(EXERCISE GOAL)
Transcribe the listing in full, excluding any pictures.
══ RAW DATA
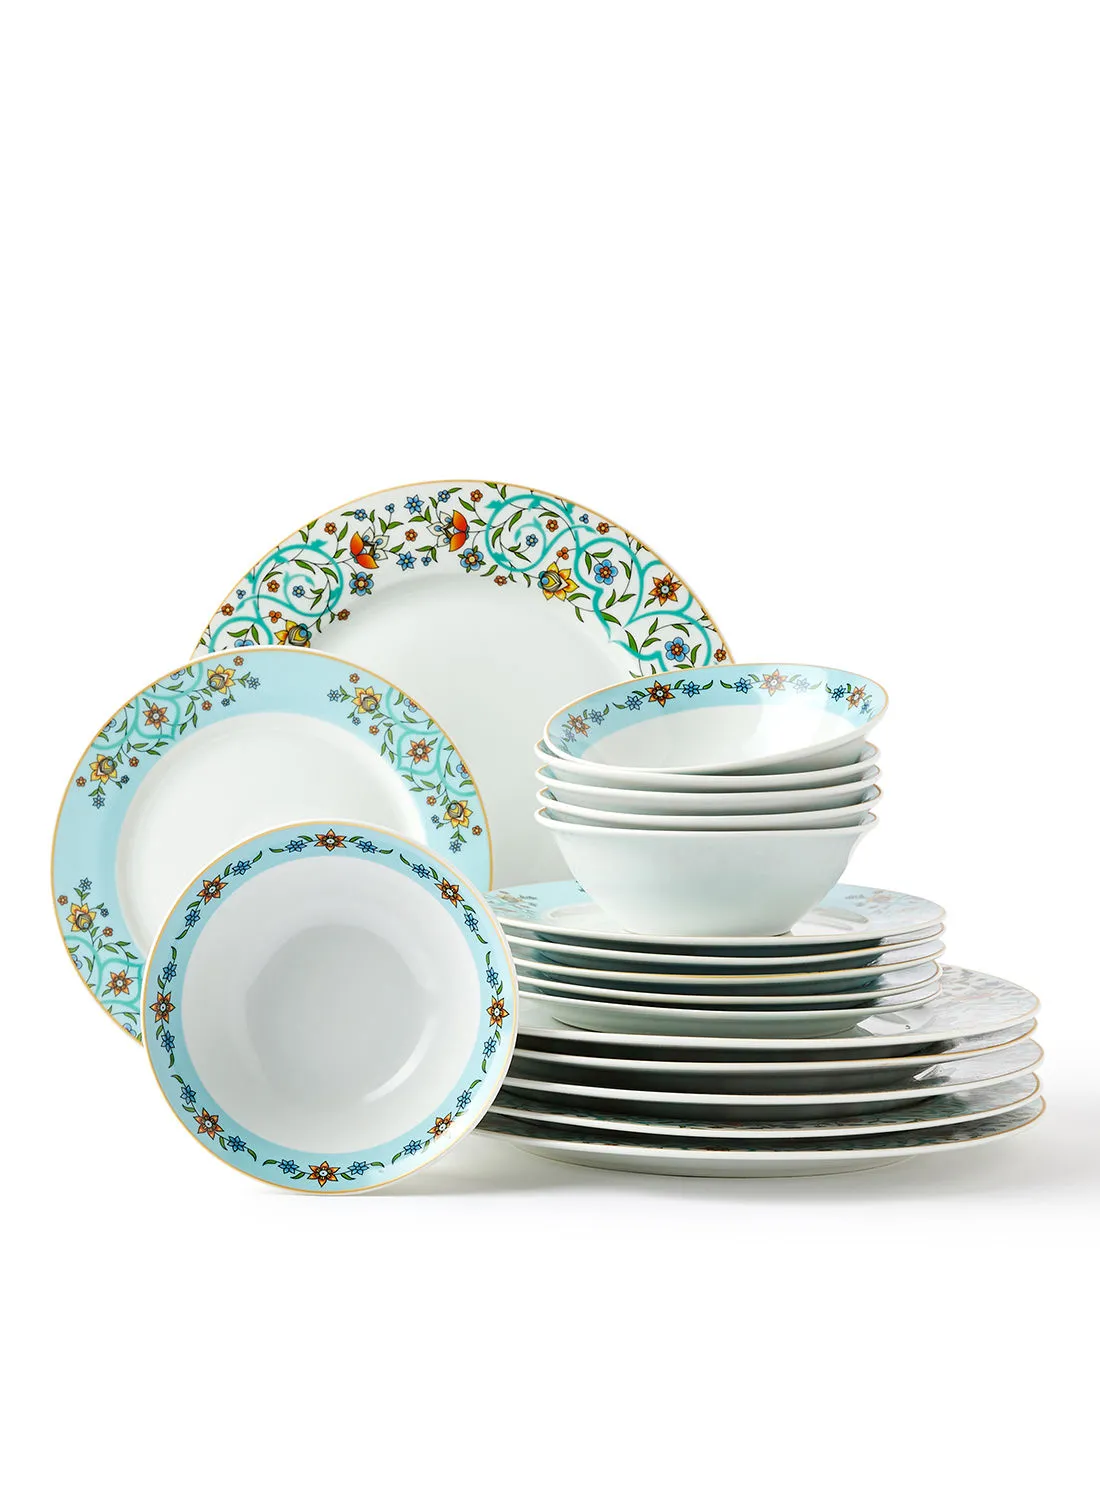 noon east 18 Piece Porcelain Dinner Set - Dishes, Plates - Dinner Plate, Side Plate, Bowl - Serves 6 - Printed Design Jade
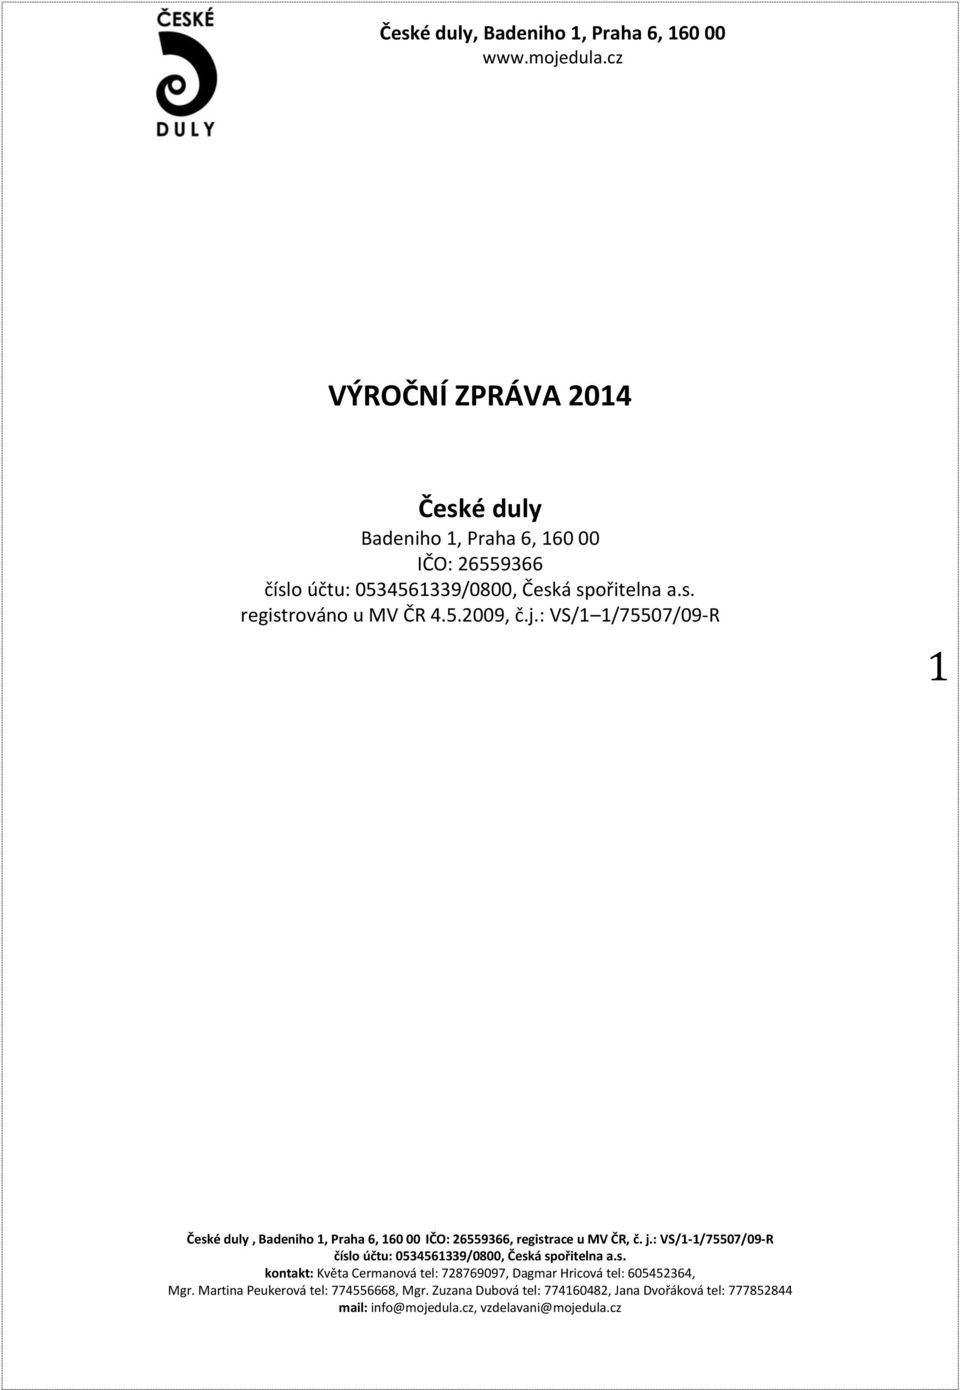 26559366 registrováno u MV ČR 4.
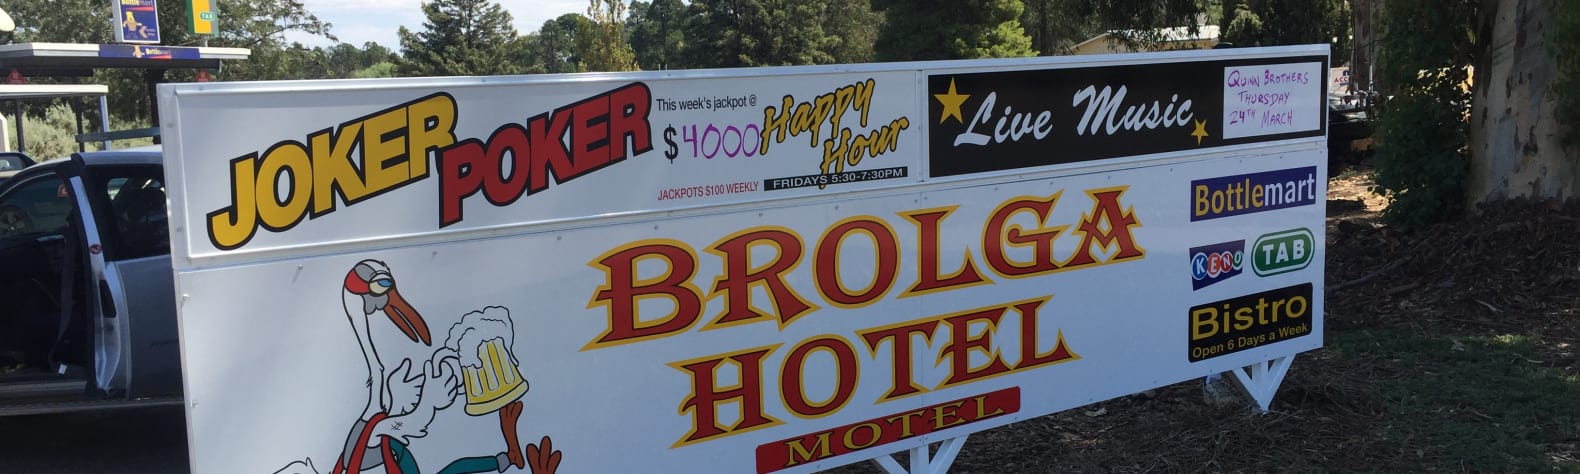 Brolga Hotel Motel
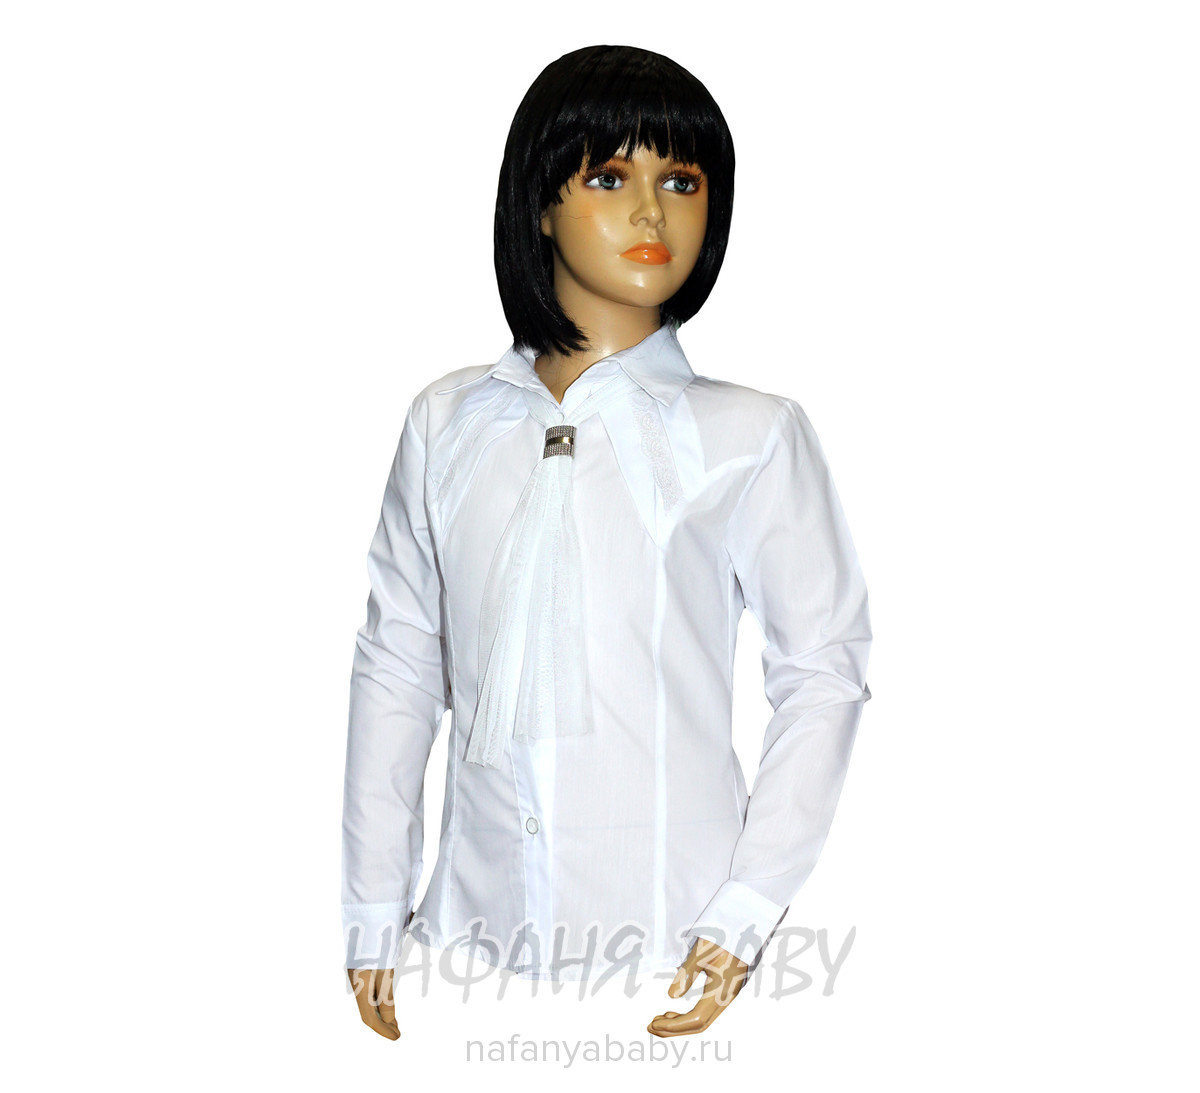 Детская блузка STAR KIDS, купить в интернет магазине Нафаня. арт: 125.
════
(RESPONSE)
 noon east 18 Piece Porcelain Dinner Set - Dishes, Plates - Dinner Plate, Side Plate, Bowl - Serves 6 - Printed Design Jade
 26559366 registrováno u MV ČR 4.
 Brolga Hotel Motel
 Детская блузка STAR KIDS, купить в интернет магазине Нафаня. арт: 125.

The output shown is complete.